Amblyseius anacardii

Scientific classification
- Kingdom: Animalia
- Phylum: Arthropoda
- Subphylum: Chelicerata
- Class: Arachnida
- Order: Mesostigmata
- Family: Phytoseiidae
- Genus: Amblyseius
- Species: A. anacardii
- Binomial name: Amblyseius anacardii De Leon, 1967

= Amblyseius anacardii =

- Genus: Amblyseius
- Species: anacardii
- Authority: De Leon, 1967

Species of mite

Amblyseius anacardii is a species of mite belonging to the genus Amblyseius in the family Phytoseiidae.

==Distribution==
The first documentation of the species was in 1967, with the first specimens being discovered in Colombia.
Later on in 1972, more specimens of the species were observed during an expedition to Colombia, being found alongside eleven other related species in the Phytoseiid family. Since then, the species has been encountered outside the country. In 2021, the species was discovered to be relatively common within the Antilles, and has been also found in Central America. The species is theorized to have a wider distribution, with a single specimen being found as far as French Guiana.

==Description==
The species is observed to bear a resemblance to Amblyseius coffea, a related species observed in Mexico. A. anacardii can be distinguished from A. coffea by the shape of its spermatheca. A. anacardii is also comparable to Amblyseius rackae. However, A. anacardii is noted to have significantly shorter legs and a differently shaped insemination apparatus.

Despite radical differences in distribution locations, the species is theorized to be the closest relative of Amblyseius cucurbitae, due to strong similarities in anatomy.

==Behavior==
Consistent with other members of its family, A. anacardii is a predatory mite. A study by the University of São Paulo found the species solely feeds upon other plant mites.

Despite the reputation of Phytoseiidae species as biological control agents, A. anacardii is observed to be a pest.
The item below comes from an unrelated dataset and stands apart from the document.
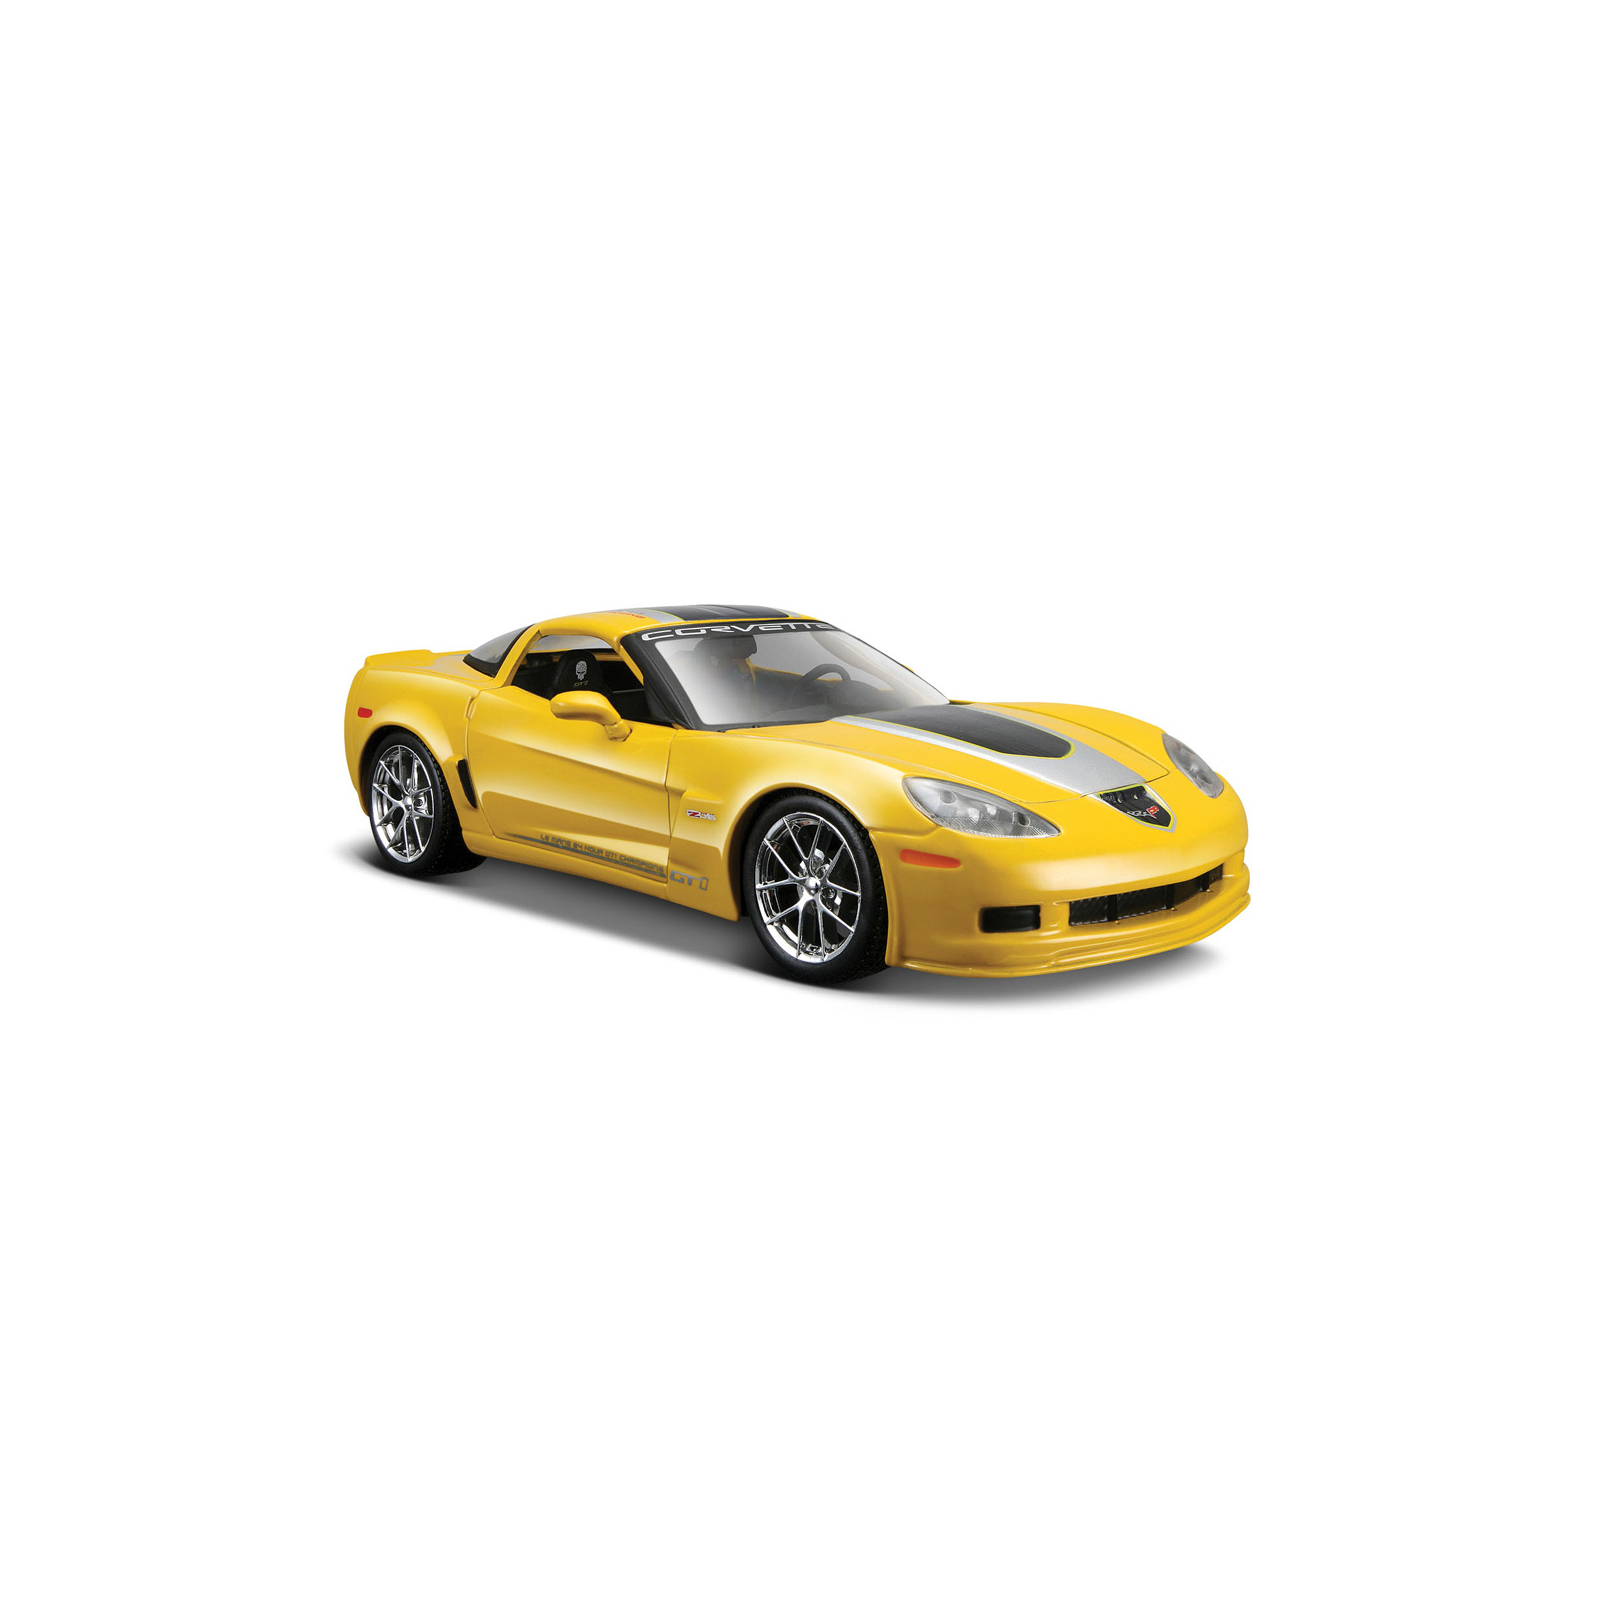 Машина Maisto Chevrolet Corvette Z06 GT1 2009 (1:24) жовтий (31203 yellow)
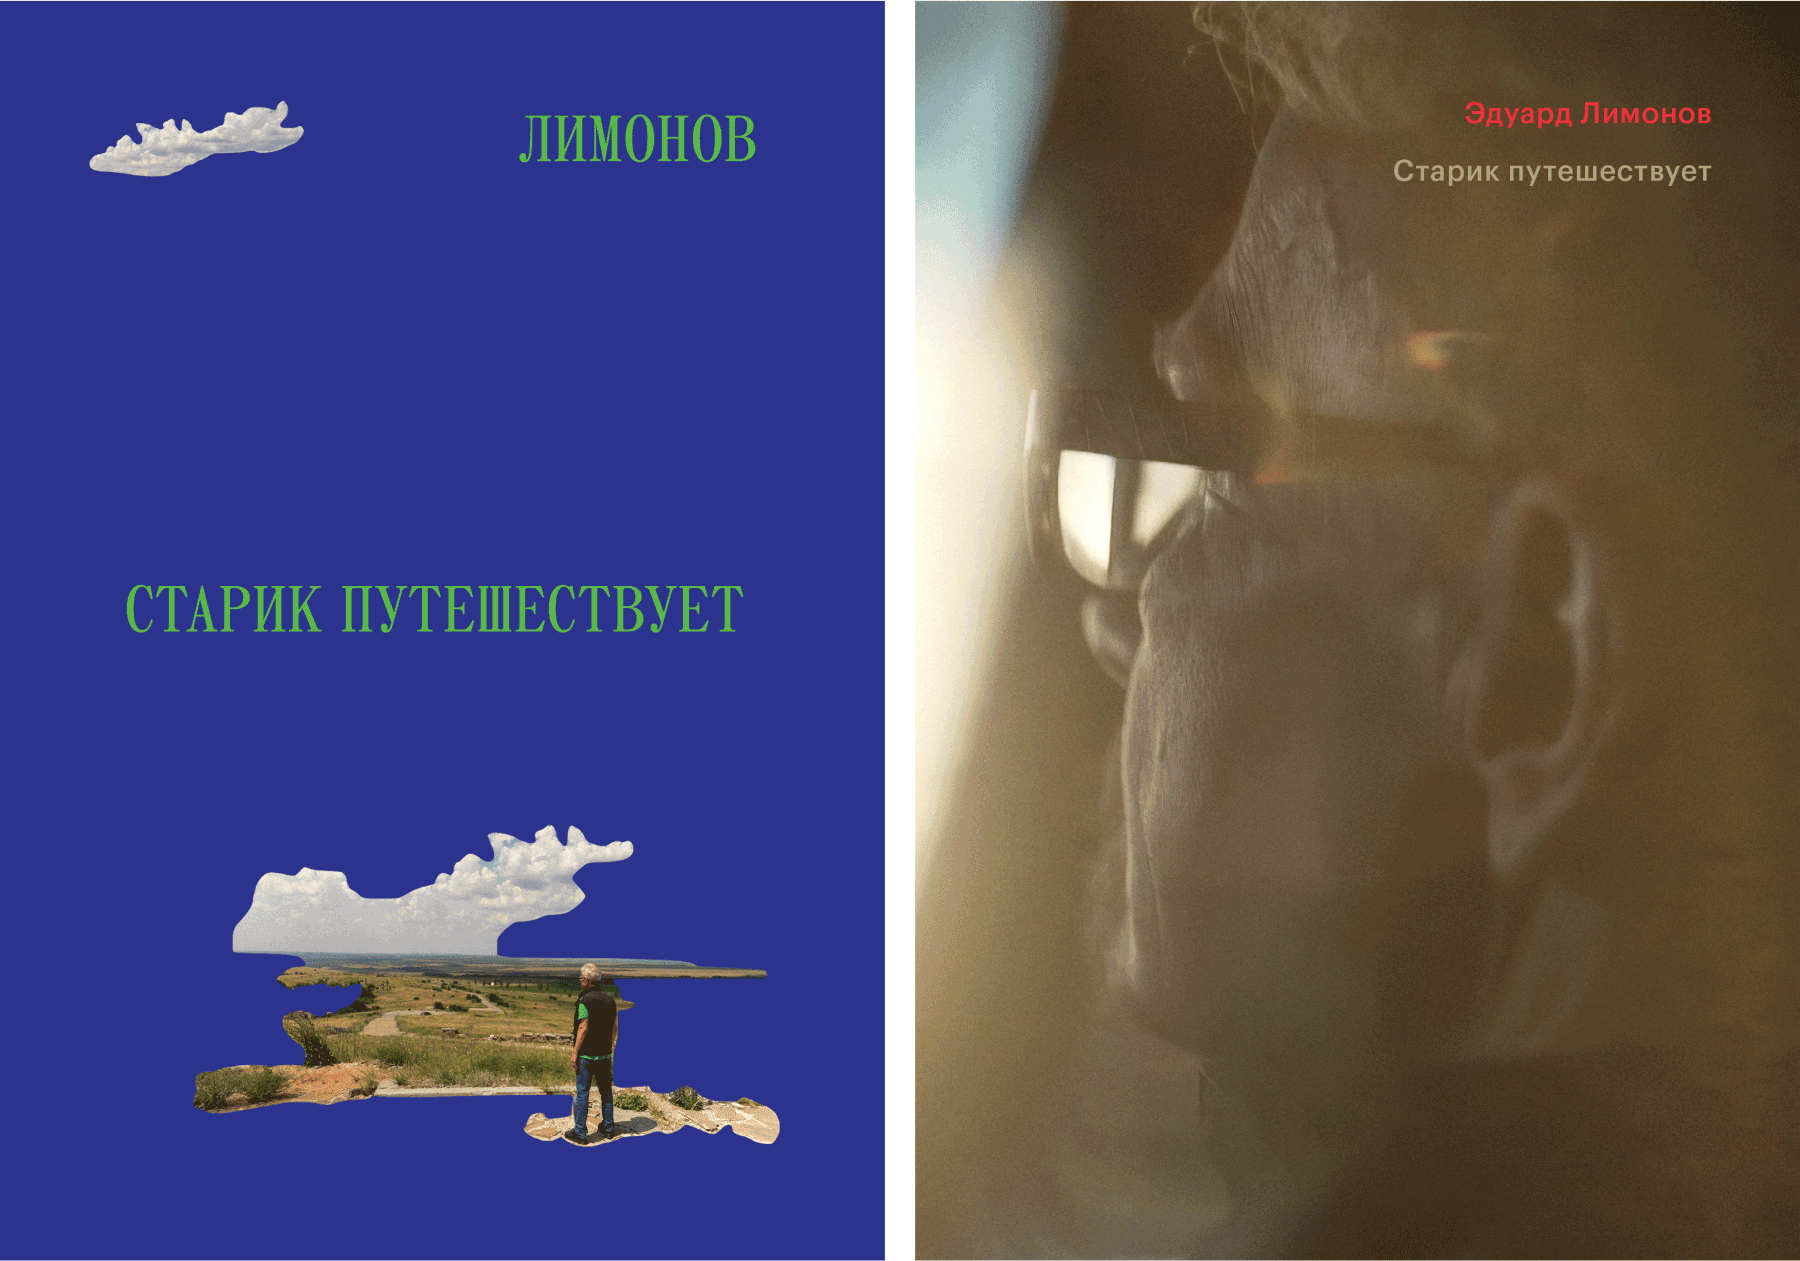 Несколько вариантов обложки для книги Эдуарда Лимонова «Старик путешествует», на которых использованы кадры из документального фильма о писателе

The species is known to cause harm to the plant Citrus sinensis, disrupting agriculture in the region. The damage caused by A. anacardii and other related mite species has been observed to be elevated by the introduction of other local predatory mites such as Neoseiulus anonymus, Neoseiulus californicus, Iphiseiodes zuluagai and Amblyseius herbicolus to affected plants.
The species is also naturally victim to predation by many commercially available predatory mites used frequently to protect crops in the region. In addition to feeding on C. sinensis, the species has also been observed using Passiflora edulis and Anacardium occidentale as hosts.